Sydney GP Dr Dasha Fielder agrees we shouldn’t rely on incidental exercise 
to stay fit. “In general, I recommend moderate to high-intensity exercise focusing on 30 minutes of cardiovascular training such as walking, running, jogging or dancing a day,” she says.

But while fitness trackers might overplay the benefits of incidental exercise, Dr Fielder thinks that they are a great way to measure activity and stay motivated.

“Regardless of your fitness levels, weight, age, likes and dislikes, fitness trackers are a very useful way to measure how active you are. You can then try to increase your level of activity every day or at least maintain it,” she explains. “I recommend them to all of my patients.”

KILOJOULE MEASUREMENT

Fitness trackers use our daily steps – 
whether they are taken on a brisk power walk or on your daily commute – to calculate how many kilojoules have been burned. But is it really an accurate measure? Dr Fielder doesn’t think so.

“The only way a person can gain an accurate measurement of the kilojoules they have burned is through an indirect calorimetry, which analyses your oxygen consumption using a face mask,” she says.

However, while Dr Fielder notes that fitness trackers don’t accurately track how many kilojoules you have burned, she also says it isn’t useful to fixate on such things. “People shouldn’t focus on their kilojoule reading,” she says, explaining that this could lead to over eating.

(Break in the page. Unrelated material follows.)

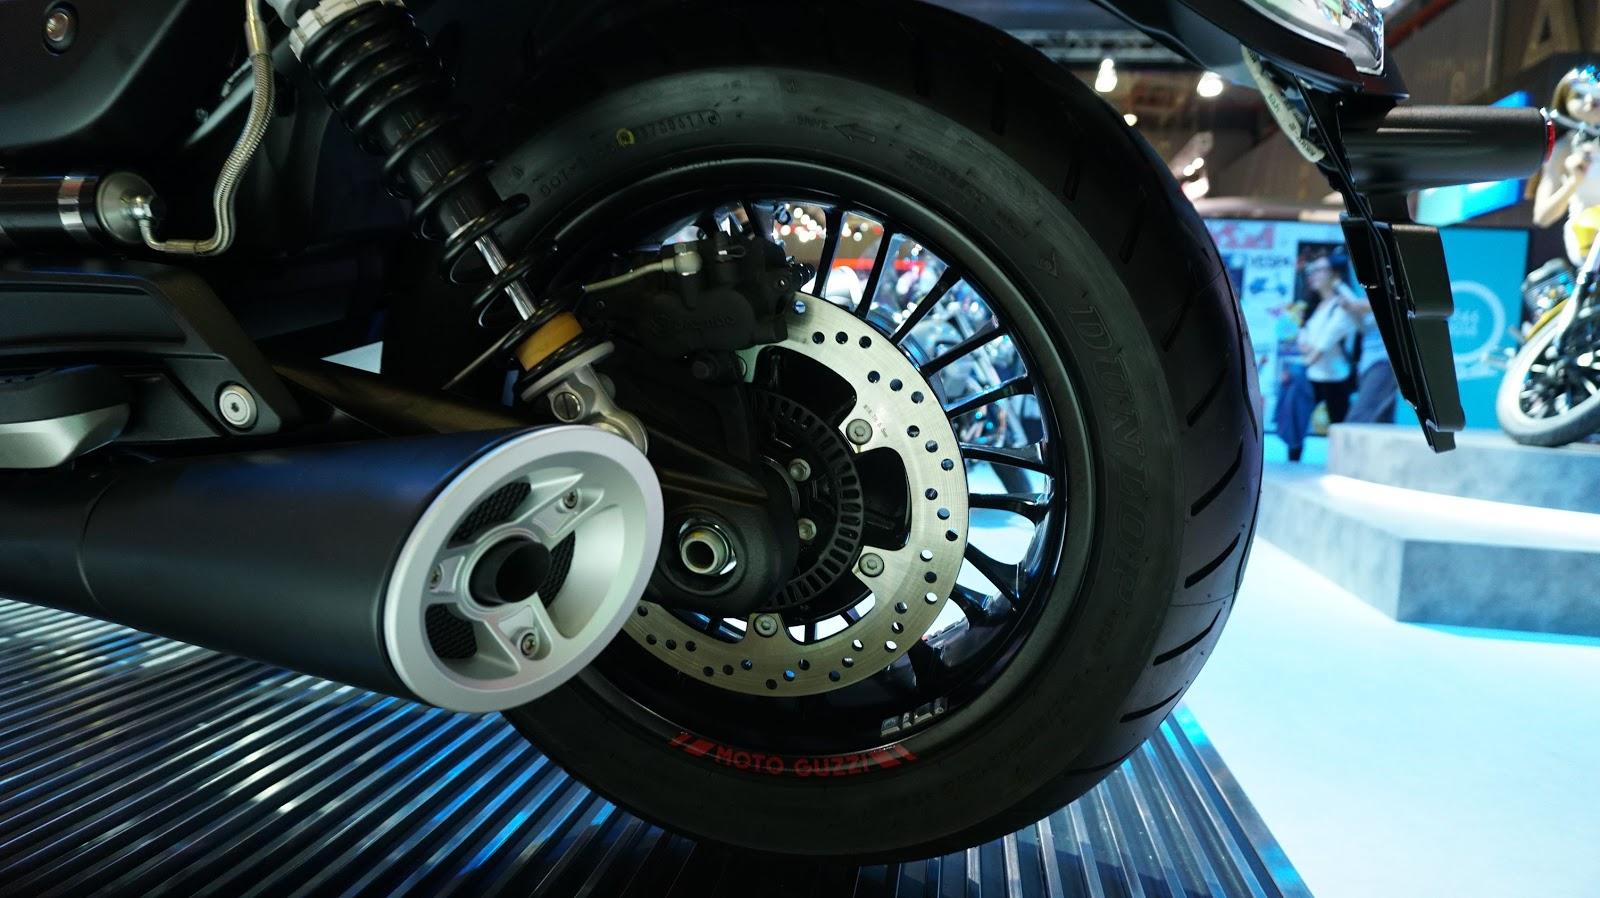 Bánh sau một phanh đĩa ABS, hai ống xả siêu nhẹ, tinh tế, kéo dài suốt thân xe, vành xe chắc chắn

“Fitness trackers can encourage people to tell themselves that they can eat more if they have burnt a lot of kilojoules, which isn’t the case.

“A fitness tracker won’t provide you with a full picture of your lifestyle including the type of food you’re eating, smoking or alcohol consumption.”

Dr Fielder also notes that each type of food is metabolised differently. “What is important is the source of the kilojoules – 
not counting them,” she explains.

On the whole, though, Dr Fielder concedes that incidental exercise is better than no exercise at all.

“For many people with busy lifestyles, life has become a race; exercise is seen as an added chore that for many simply takes the last priority,” she says. “I think the key message is that we need to move more.”

Lindsey Black has worked as a personal trainer for 23 years. She thinks fitness trackers can be a huge benefit to already active people who are looking to improve their fitness level.

“Being able to see all the data from workouts – duration, pace distance and intensity – can motivate some people to keep building on what they have already achieved,” she explains.
When it comes to intensity, Black says that an hour or so of “hard core” exercise will always trump incidental exercise. However, in an age where obesity rates climbing, Black notes that being active – 
whatever the level – trumps being sedentary. “Any exercise is better than no exercise,” she says.